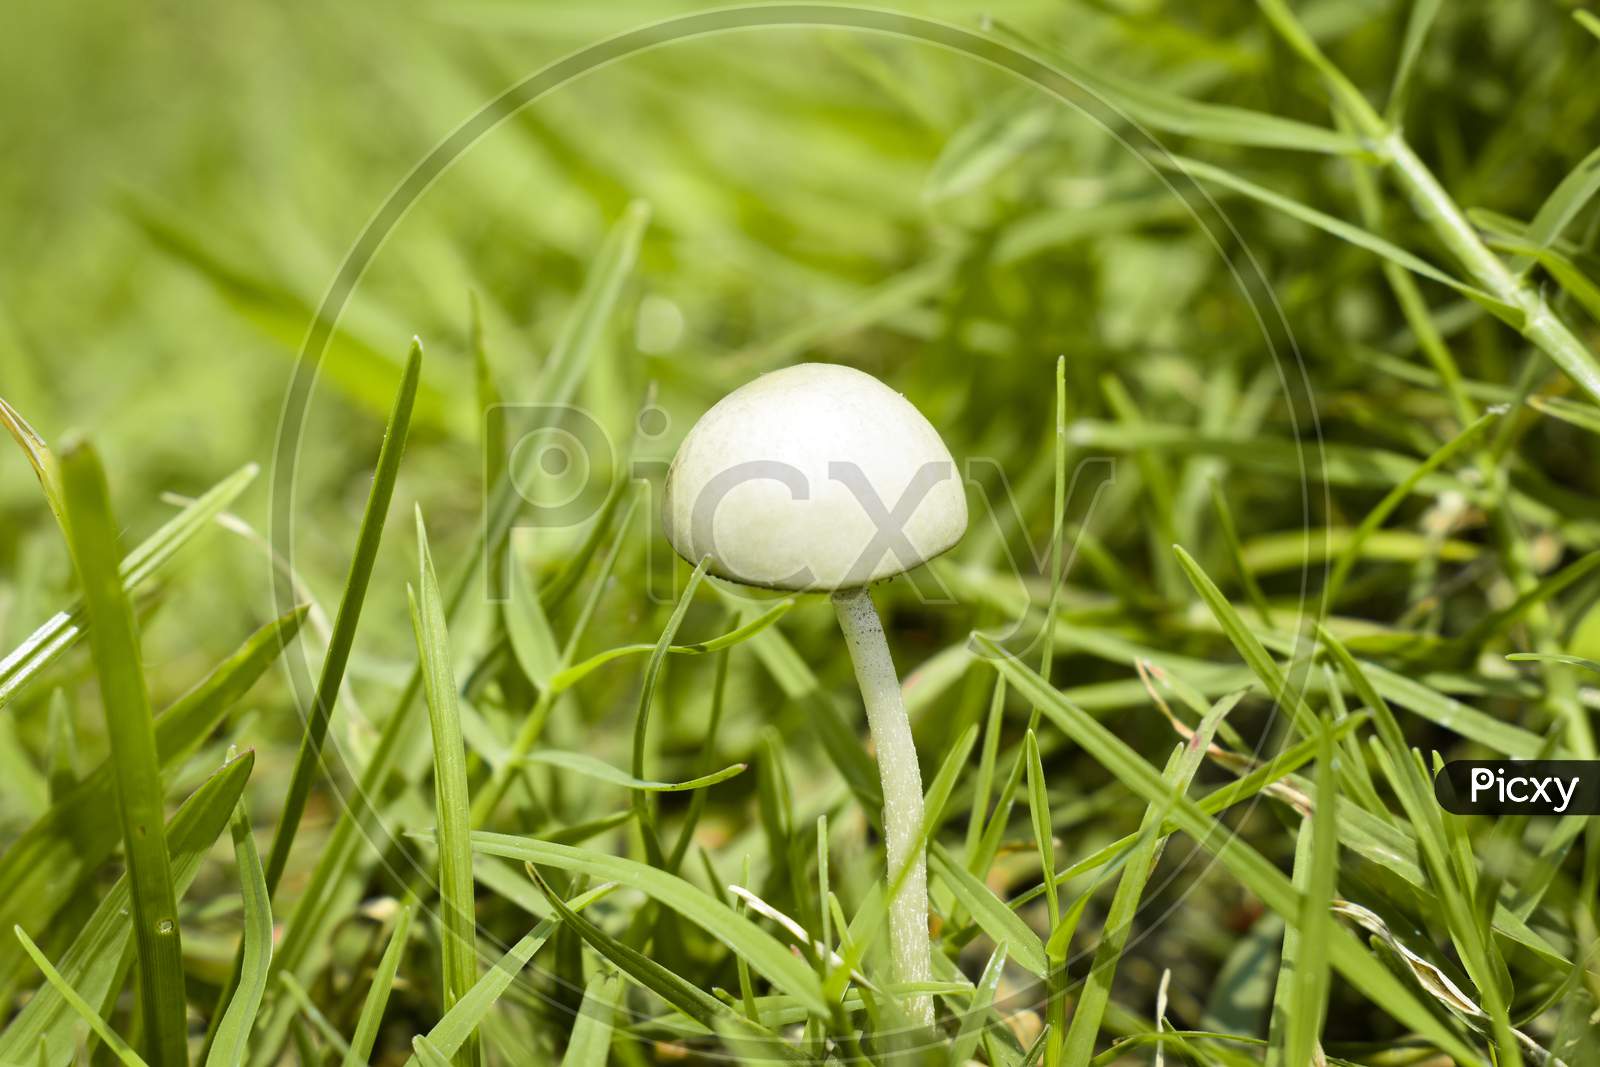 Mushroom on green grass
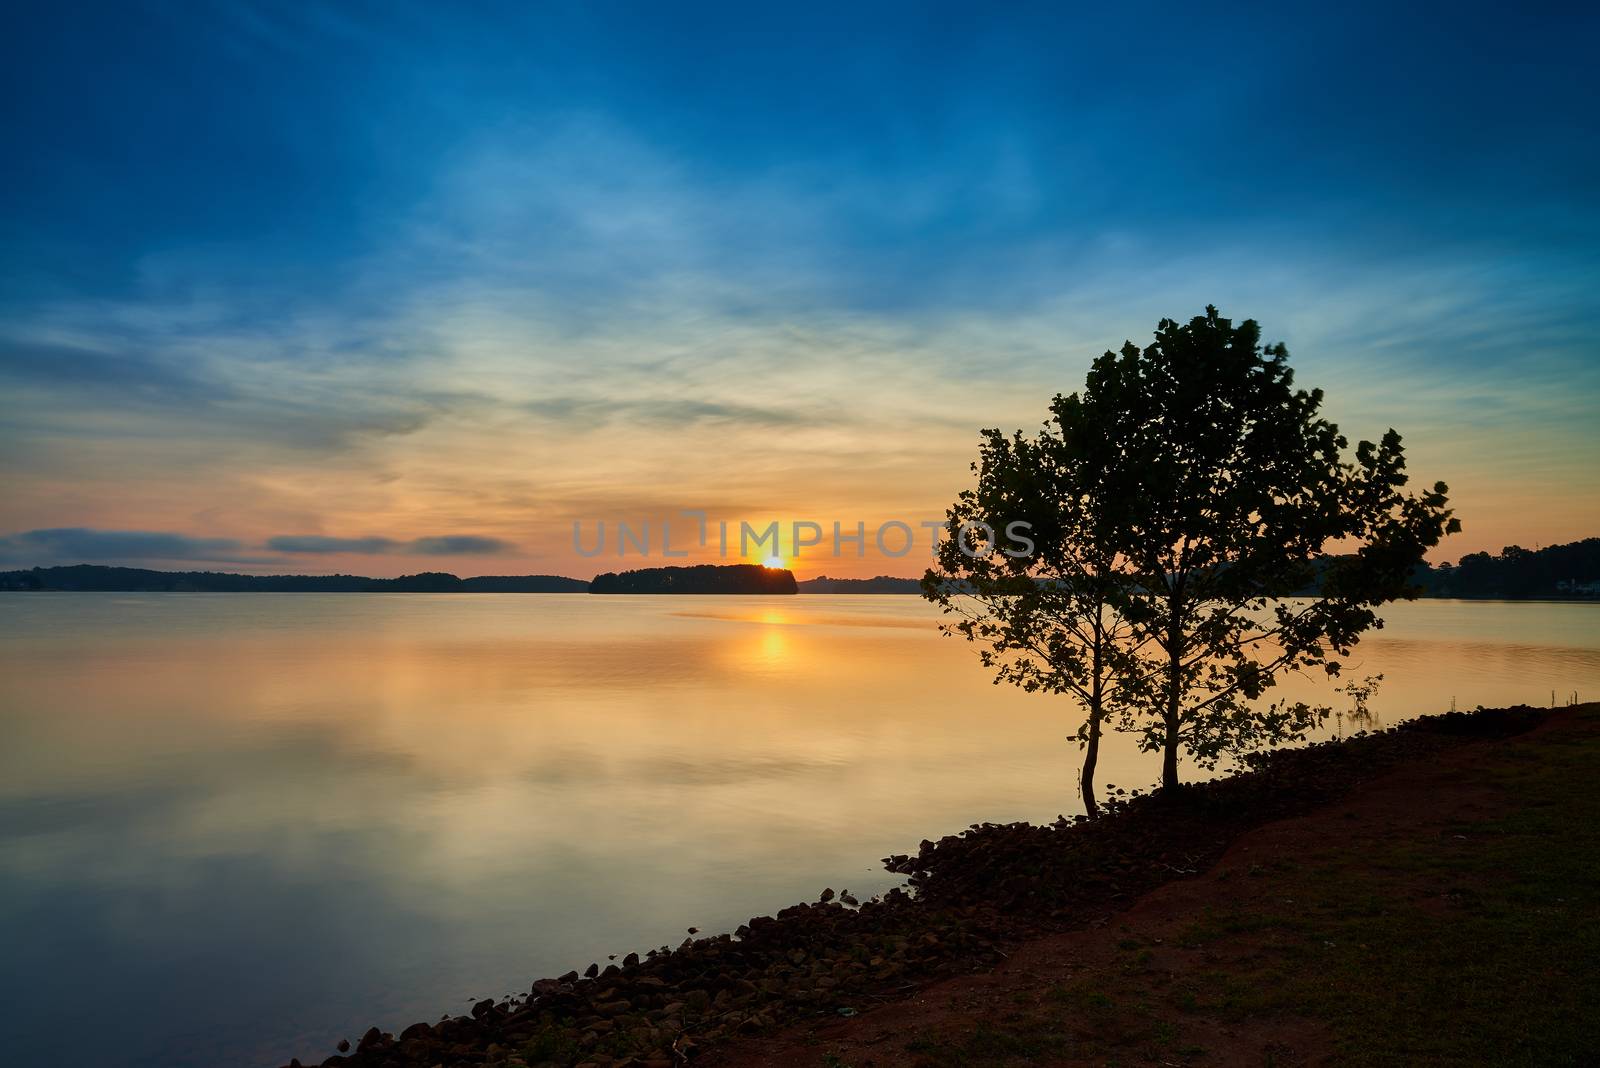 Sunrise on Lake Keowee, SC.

...

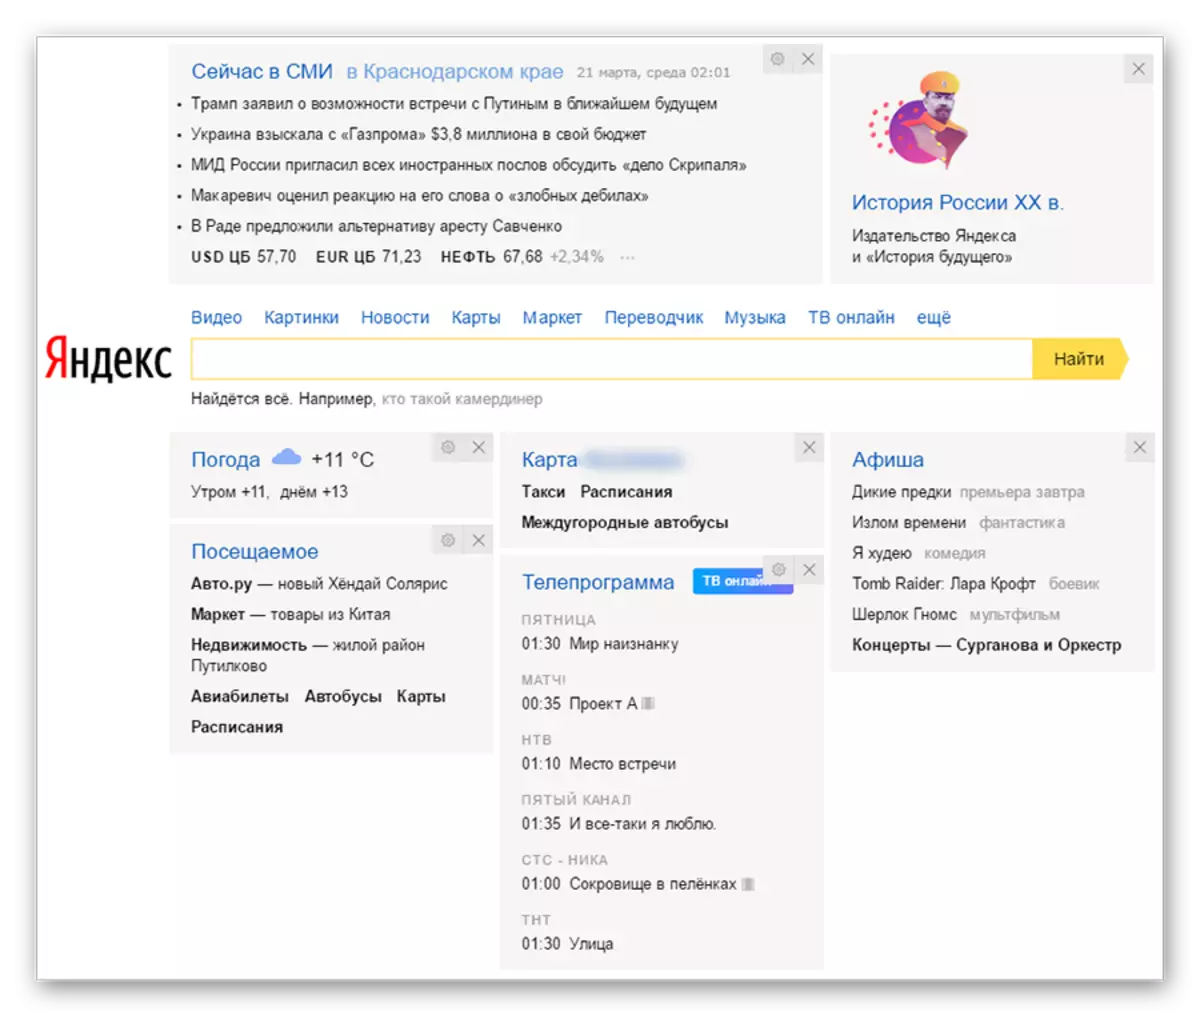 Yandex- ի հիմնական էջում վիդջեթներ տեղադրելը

### [Instructions to follow]
Pictures excluded, transcribe the listing above exactly from the line with "Mushroom on green grass" through the line with "Sunrise on Lake Keowee, SC.", and no further.

### [Solved exercise]
 Mushroom on green grass
 Sunrise on Lake Keowee, SC.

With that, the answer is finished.